Dire oggi che Grillo finirà come i radicali, che non ha proposte, che ci porterà al fascismo, è una stupida vigliaccata. Calma e gesso. Gli si chiederà conto di quello che farà quando lo farà. Intanto è l’unico che decostruisce l’esistente, tutto il fetido, corrotto esistente, Senza il che non si vede come si possa costruire. Intanto va apprezzato che, lista più votata in Sicilia, a differenza di quelle del vincitore Crocetta e del fascista secondo arrivato, Musumeci, il Movimento 5 Stelle non presenta nessun condannato, nessun indagato, nessun processato, nessun fascista, nessun prete e nessun sospettato di mafia. In Sicilia non è poco. E gli direi anche grazie per aver evitato che in Italia la protesta da lui raccolta venisse avviata su un percorso di estrema destra e finisse in una nostrana “Alba Dorata”. Anche questo non è cosa da poco.

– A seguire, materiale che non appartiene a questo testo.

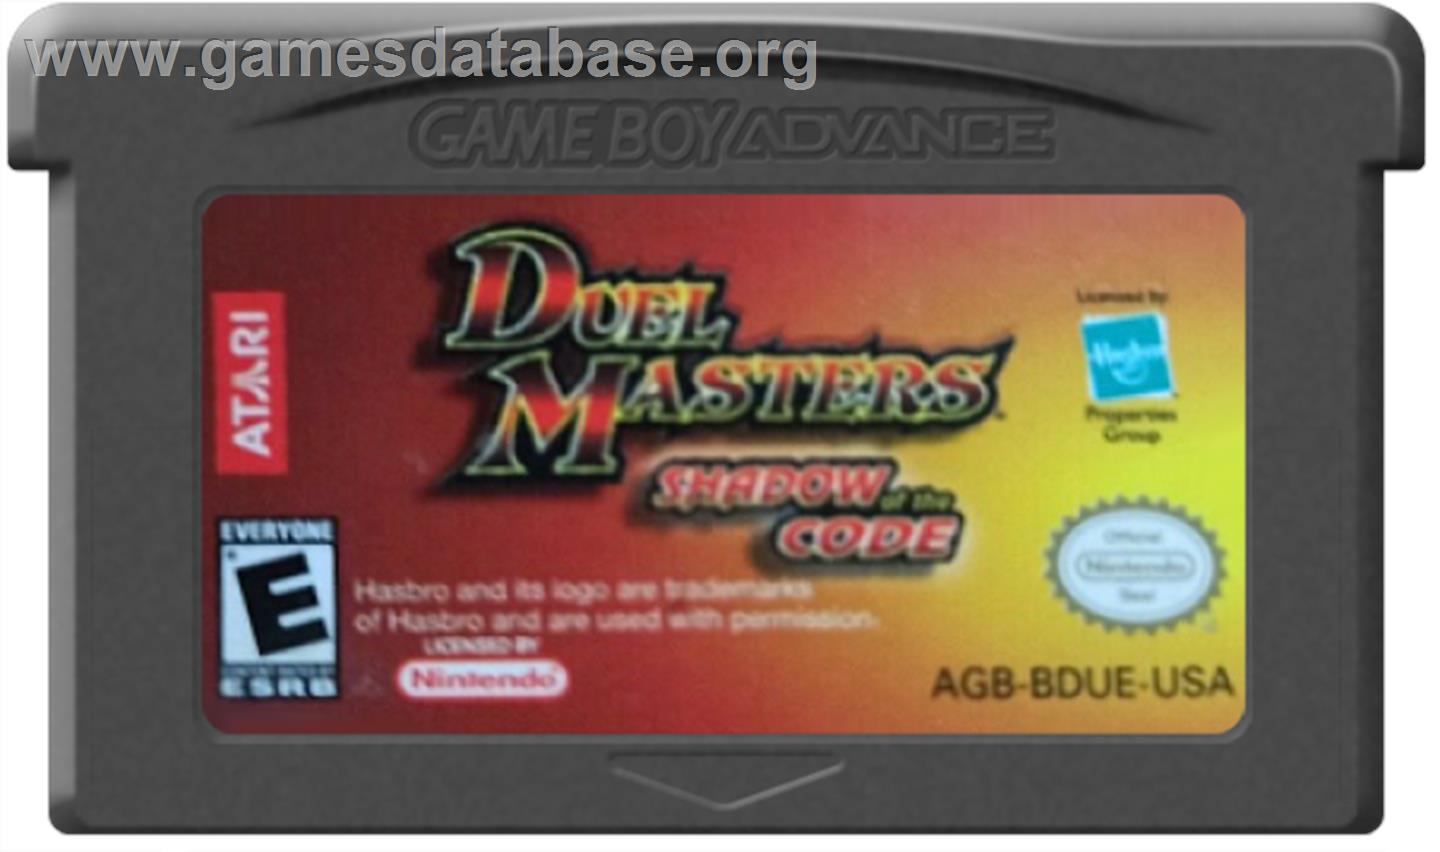 Duel Masters Shadow of the Code - Nintendo Game Boy Advance - Artwork - Cartridge

Già, dice, è grazie al “populismo”. Inversioni logiche del nostro tempo: il populista che dà del populista a chi lo contesta, come il terrorista che dà del terrorista alla sua vittima. Spiegava lo scienziato, se ben ricordo, “Populismo è assecondare i comportamenti, l’ideologia e la cultura degli strati più arretrati e reazionari della società”. Colpita e affondata la Lega. Ma forse non anche Berlusconi, Bersani, Monti, il non plus ultra del qualunquismo? Questi campioni dell’antipolitica populista quando, buttando alle ortiche la politica, nel senso della polis, assecondano una pancia  che permette di essere strizzata dall’inculcata paura del peggio e che gode vicariamente della fanfaluca  berlusconiana del “vincente che si fa da sé” e della  riconquista montiana del “rispetto internazionale”. E non sono populisti una Camusso, un Angeletti, un Bonanni, dai quali ci si lascia convincere che, pur ridotti a iloti, magari intossicati, si è mantenuto il posto di lavoro?  Tutta gente che schifa e consegna alla gogna i “violenti” dell’unica politica non antipolitica oggi possibile?

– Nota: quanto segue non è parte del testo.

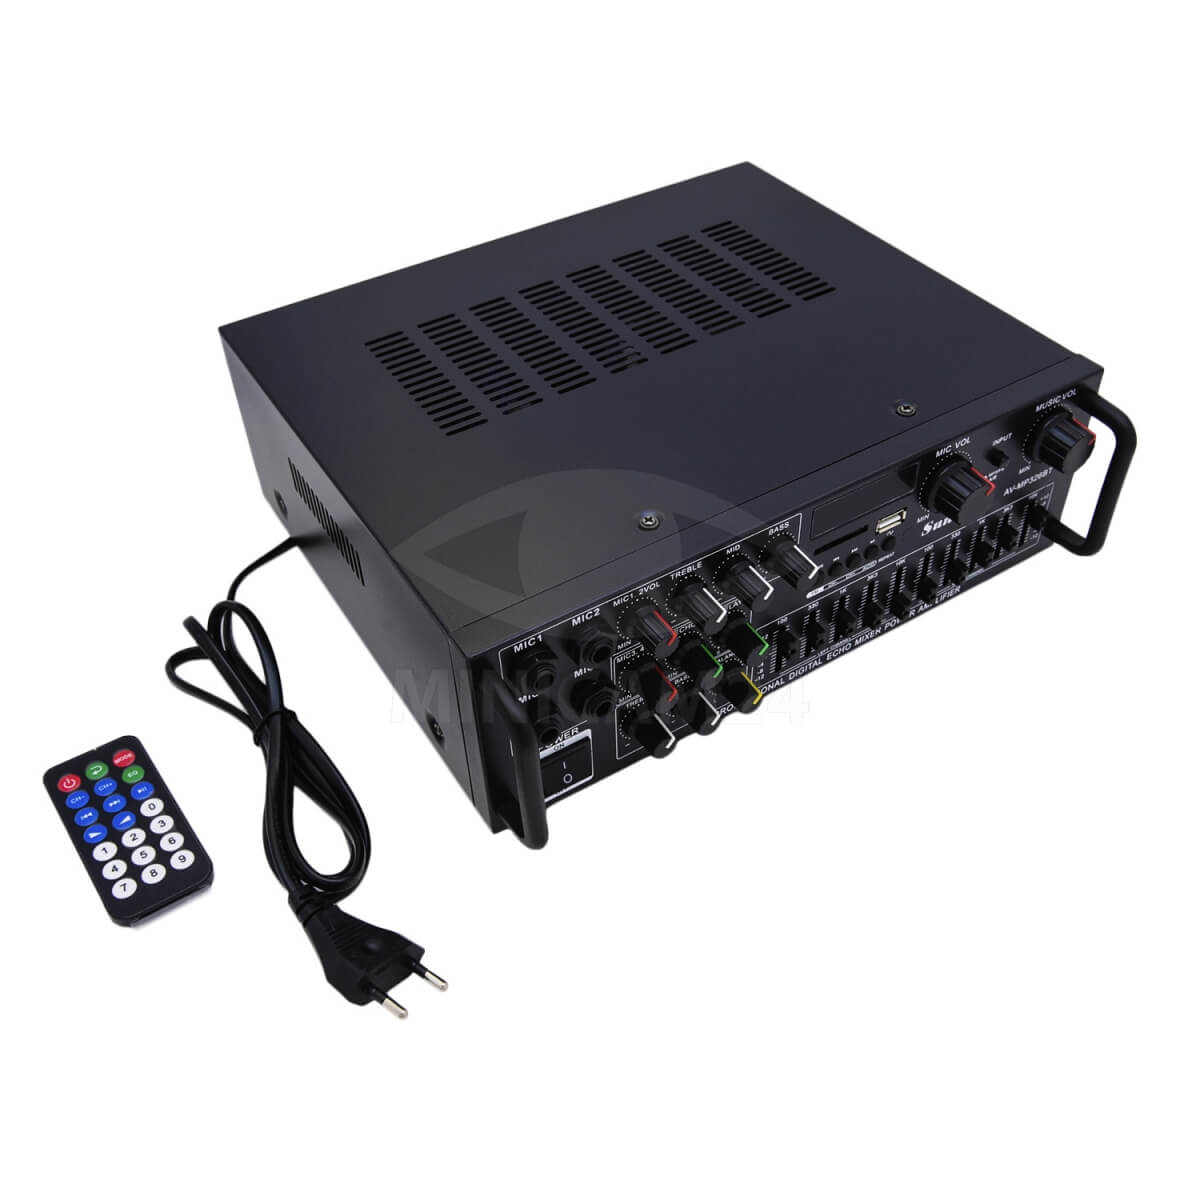 Unboxing Power Amplifier fleco av - mp326bt fitur Bluetooth Karaoke Sunbuck. Sunbuck av-mp326bt схема плат. Sunbuck av-mp326bt цена. Электронные схемы на бумаге для усилитель Sunbuck av-mp326bt. Av mp326bt

 La Siria a Castelbolognese

Ratti in Italia annichiliti in Emilia-Romagna
C’è una conventicola di ratti, quale siriano e quale italiano, che dalla palude della loro totale irrilevanza (perfino per la Nato e gli ufficiali pagatori sauditi-qatarioti, che della loro imbarazzante stupidità farebbero volentieri a meno) sbraitano oscenità all’indirizzo di chi si adopera per raccontare qualche verità sulla Siria, sull’aggressione dei mandanti criminali e dei sicari cacciatori di teste e sull’eroica e indomata resistenza di tutto un popolo. In Emilia-Romagna io sono di casa grazie al fatto che la regione ex-rossa ha fatto negli anni cadere robuste e sane spore da cui si sono moltiplicate oasi di intelligenza politica e di dinamismo operativo. Siccome l’intelligenza politica non può prescindere dalla dimensione internazionale che tutto determina, perfino la mancanza di carta igienica nella scuola di Sgurgola, da queste oasi si sprigiona un vento di conoscenza  in grado di sradicare parecchi alberi della foresta di menzogne e inganni coltivata dai frodatori gabbamondo di Washington, Bruxelles, Istanbul, Doha,  Riyad  

Gli deve essere saltata la mosca al naso, e insieme la brocca, a questi muselidi da acque nere (il peggio del peggio, perché in malafede quanto neanche la Fornero), al constatare che i miei rapporti e filmati sulla cannibalizzazione della Libia e sull’analogo tentativo contro la Siria, supportato dagli squittii di questi mercenari dell’intelletto, famelici delle briciole dell’Impero (ve ne potete disgustare su certi siti catto-salafiti), frequentavano assiduamente le aree intorno a Po, Panaro e Rubicone. E così, all’udire che per l’ennesima occasione, stavolta a Castelbolognese e a Vignola, dopo Ravenna, Cesena, Faenza, Imola, Bologna, Lugo, Forlì e via emilianeggiando, si sarebbero raccontati i fasti delle lotte di liberazione e i nefasti degli zombie imperiali, sono ricorsi agli strumenti ritenuti risolutivi da tutti i mandanti e sicari dei crimini di guerra e contro l’umanità: la calunnia, il ricatto e la diffamazione. Di questo coro di cacofonici stridori ne metto in evidenza uno, altamente rappresentativo di questa camarilla per la sua assonanza con i “valori”  che si vorrebbero infliggere ai siriani: quello di una squinzia che si dice siriana (ma da quel popolo ha reciso ogni legame) e che nutre la spasmodica foia di essere eletta Miss Siria in Italia 2012. Se, contro ogni evidenza estetico-morale, le dovesse riuscire, dal diadema che le metterebbero in testa dovrebbe sgocciolare sangue.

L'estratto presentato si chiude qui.